Comment From: glockbender

This issue is still relevant. Any progress with that?

Comment From: odrotbohm

Copying the description of #25386 here for reference:

tl;dr – The current behavior is problematic for folks trying to customize Spring Data REST using custom controllers, too, as it subtley makes controllers using @RequestMapping on the type level end up in the wrong handler mapping

Rossen mentioned that here already, but it just recently came up in StackOverflow questions again.

RequestMappingHandlerMapping.isHandler(…) not only picks up types annotated with @Controller but also ones that are annotated with @RequestMapping on the type level. This is problematic in cases in which other HandlerMapping instances are registered that might be supposed to handle those controllers.

A prominent example of this is Spring Data REST, which registers a dedicated mapping to expose HTTP resources for Spring Data repositories. Users can selectively override those resources by declaring a controller themselves and just declare a handler method for e.g. the URI of an item resource and an HTTP verb of choice.

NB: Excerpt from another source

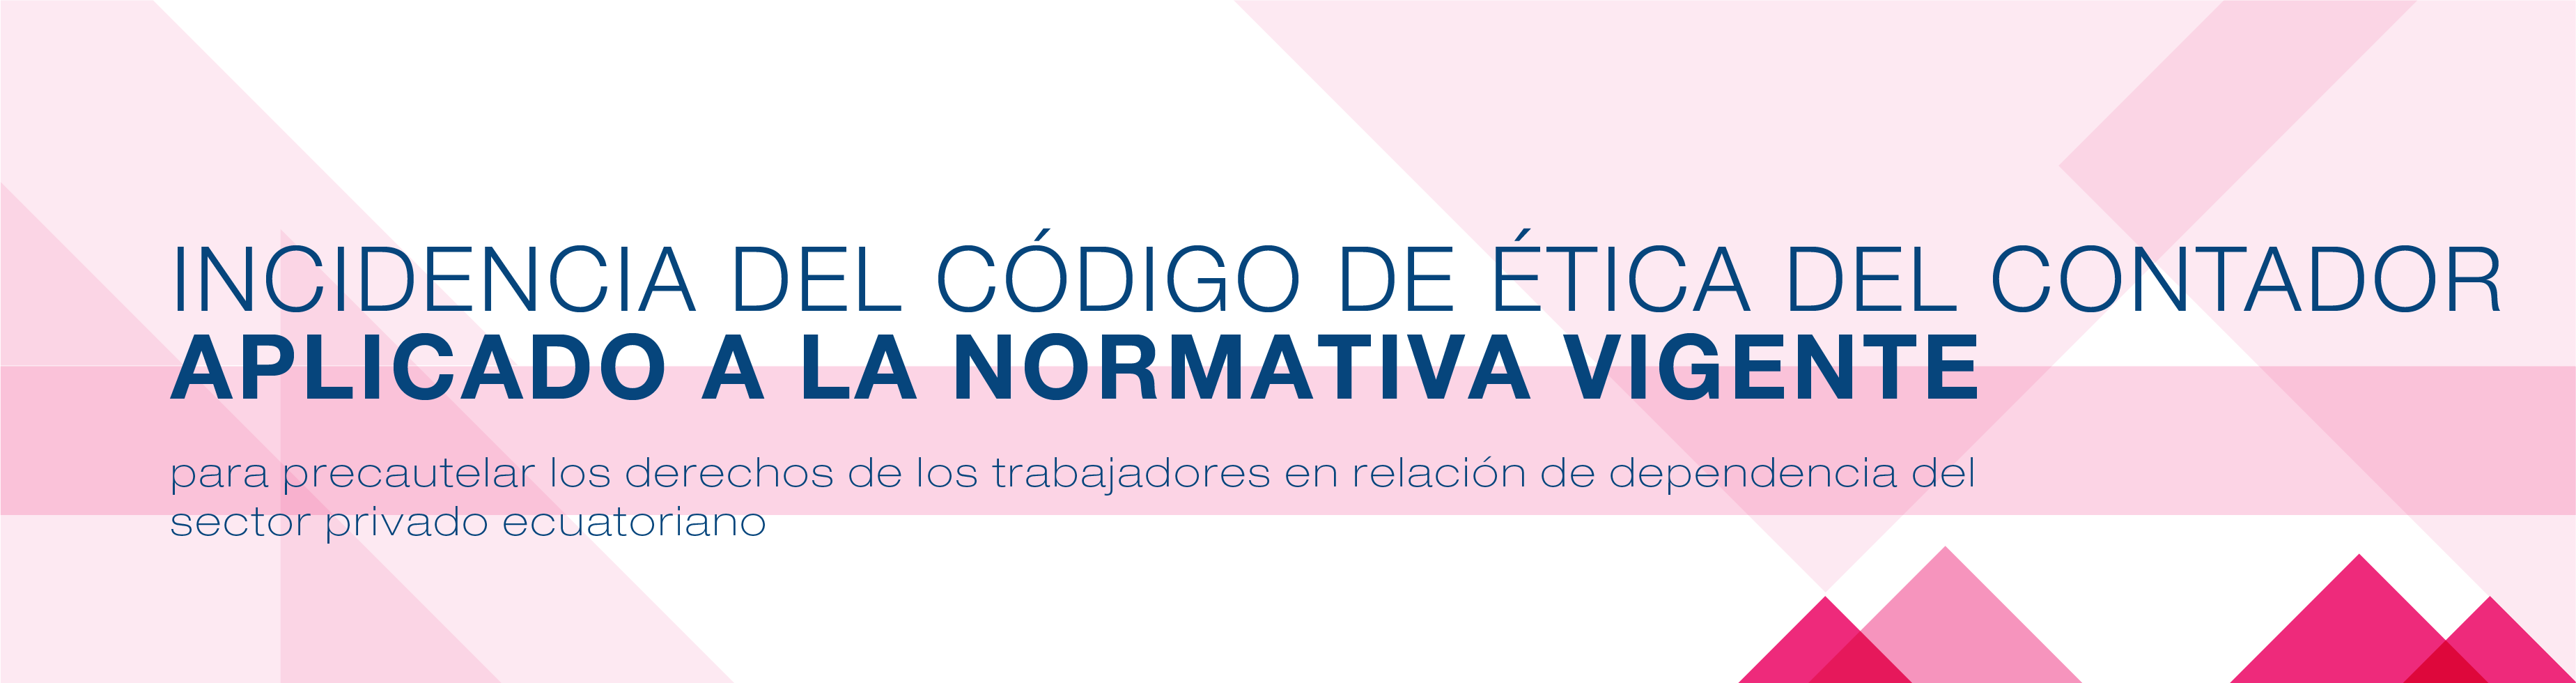 Incidencia del Código de Ética del Contador aplicado a la normativa vigente para precautelar los derechos de los trabajadores en relación de dependencia del sector privado ecuatoriano

If that controller now declares an @RequestMapping on the type level, the Spring MVC registered one will pick up that class, and not see any other mappings defined for the same URI pattern but exposing support for other HTTP methods potentially available in subsequent HanderMapping implementations.

This is a pretty common error scenario reported by users (see this StackOverflow question for example). It's also pretty hard to explain to users as it involves talking about quite a few implementation details.

Removing the explicit handling of @RequestMapping on the type level bears the risk that controller implementations not also being annotated with @Controller would not be picked up automatically anymore. I haven't found any Spring MVC related documentation that actually shows an example of code not using the annotations in combination when used at the type level. A fix for that issue would be to also annotate the affected controller type with @Controller. I can see this being suboptimal for a release in a minor version but for 6.0 we should at least reevaluate.

Comment From: mothinx

Just get this issue with a feign client and spent a lot of hours to locate it. Is someone on that issue ?

Comment From: odrotbohm

This just came up in yet another Spring Data REST issue: https://jira.spring.io/browse/DATAREST-1591.

Comment From: rstoyanchev

Team Decision: after some cross-team discussions, for the short term the issue will be addressed on the side of Spring Data REST and Spring Cloud.

For Spring Framework 6.0, we will also address this in the Spring Framework by no longer considering a class with a type-level @RequestMapping as a candidate for detection, unless there is also @Controller.

Comment From: remal

@rstoyanchev do you know if there is a corresponding ticket in Spring Cloud that can be subscribed to?

Comment From: rstoyanchev

@remal, yes you can follow here https://github.com/spring-cloud/spring-cloud-openfeign/issues/547.

Comment From: OrangeDog

Just to note that the previous behaviour allowed declaring and constructing the controller with a @Bean method. Now that you have to add @Controller to the class, they are automatically declared by @ComponentScan, which will now need additional exclusion filters.